Yang Jian, Professor of Nanjing University of Science and Technology, National Jieqing, Deputy director of Pattern Recognition Special Committee of Artificial Intelligence Society, director of Pattern Recognition Special Committee of Jiangsu Artificial Intelligence Society, IAPR Fellow, national leading talent

Presentation title:

Digital Content forensics in the context of large models

Speech abstract:

In the digital era, with the rapid development of artificial intelligence technology, especially the wide application of deep learning technology, the generation and editing of digital content has become more convenient and efficient. However, the double-edged nature of technology also brings new challenges in the field of digital content forensics. Generative large models, which can generate realistic text, images, audio and video, are likely to be widely used for malicious purposes such as false information and deep forgery, posing a threat to social order and information security. In the context of large models, forensics work becomes more complex and requires a higher level of technical means to cope with the continuous progress of counterfeiting technology. To address online disinformation and high quality fake content generated by large models, this report introduces several key technologies and a holistic approach to digital content forensics. This report focuses on the detection and forensics of traditional image tampering, the detection of portrait deep forgery, and the detection of the latest AIGC images and videos, as well as the detection and factual verification of disinformation that has spread widely on the Web. To generate the content for the large model, we also prospectively start from the source, edit the knowledge and limit the output content for the large model. These studies have been explored from the perspectives of generalization, interpretability, generating antagonistic game, etc., and have achieved remarkable results, providing important methods and ideas for guaranteeing the authenticity and credibility of digital content under the background of large models.

Xilin Chen

Institute of Computing Technology, Chinese Academy of Sciences

Chen Xilin, Director and Party Secretary of Institute of Computing Technology, Chinese Academy of Sciences, National Jie Qing, ACM/CCF/IAPR/IEEE Fellow, He has been the director of the Key Laboratory of Intelligent Information Processing and the Director of the International Cooperation Bureau of the Chinese Academy of Sciences

Presentation title:

Digital Content forensics in the context of large models

Speech abstract:

In the digital era, with the rapid development of artificial intelligence technology, especially the wide application of deep learning technology, the generation and editing of digital content has become more convenient and efficient. However, the double-edged nature of technology also brings new challenges in the field of digital content forensics. Generative large models, which can generate realistic text, images, audio and video, are likely to be widely used for malicious purposes such as false information and deep forgery, posing a threat to social order and information security. In the context of large models, forensics work becomes more complex and requires a higher level of technical means to cope with the continuous progress of counterfeiting technology.

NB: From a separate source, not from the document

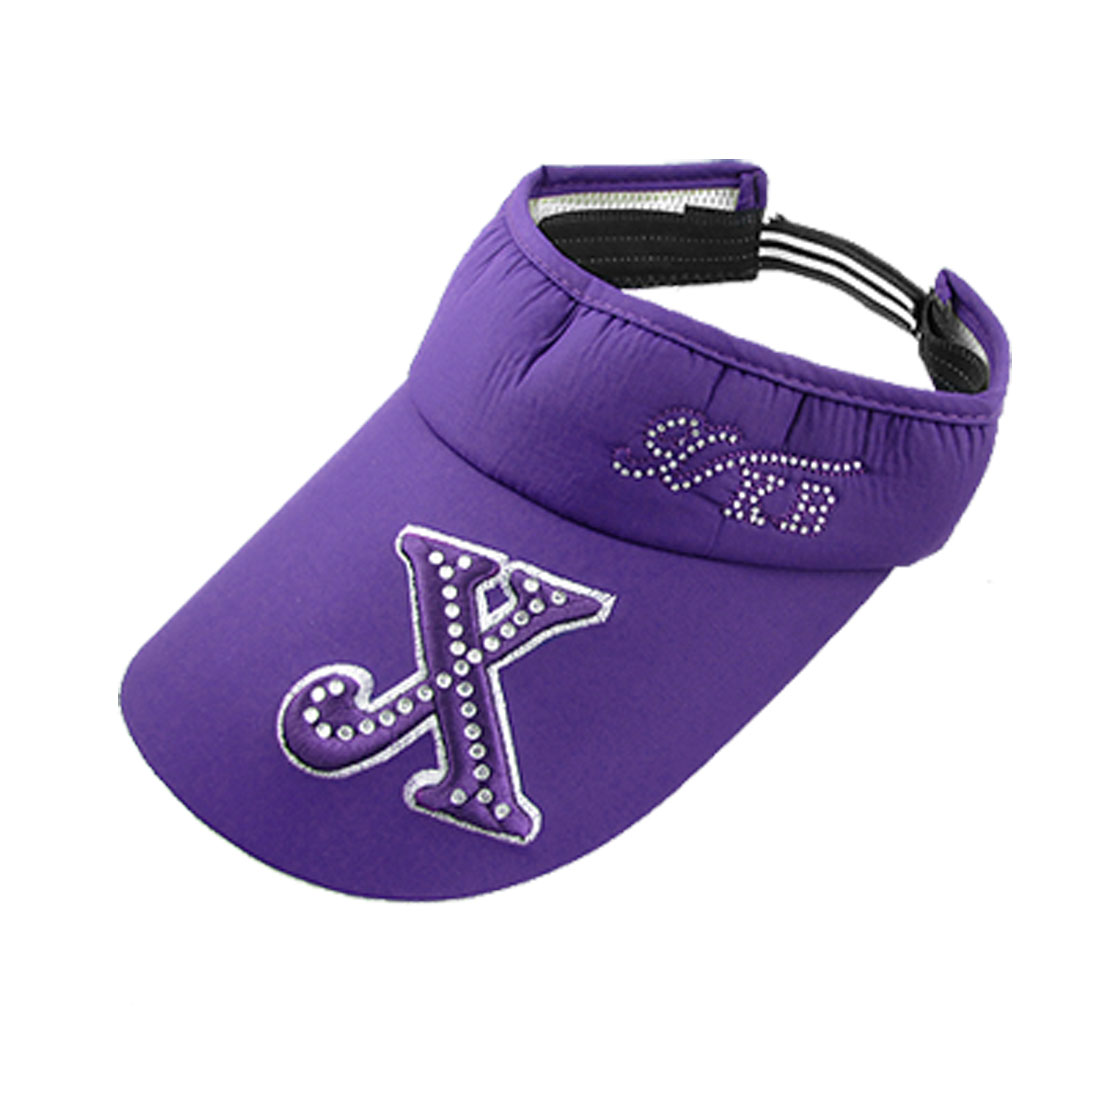 Ladies Rhinestone Embroidered X Sports Sun Visor Hat Cap Purple

To address online disinformation and high quality fake content generated by large models, this report introduces several key technologies and a holistic approach to digital content forensics. This report focuses on the detection and forensics of traditional image tampering, the detection of portrait deep forgery, and the detection of the latest AIGC images and videos, as well as the detection and factual verification of disinformation that has spread widely on the Web. To generate the content for the large model, we also prospectively start from the source, edit the knowledge and limit the output content for the large model. These studies have been explored from the perspectives of generalization, interpretability, generating antagonistic game, etc., and have achieved remarkable results, providing important methods and ideas for guaranteeing the authenticity and credibility of digital content under the background of large models.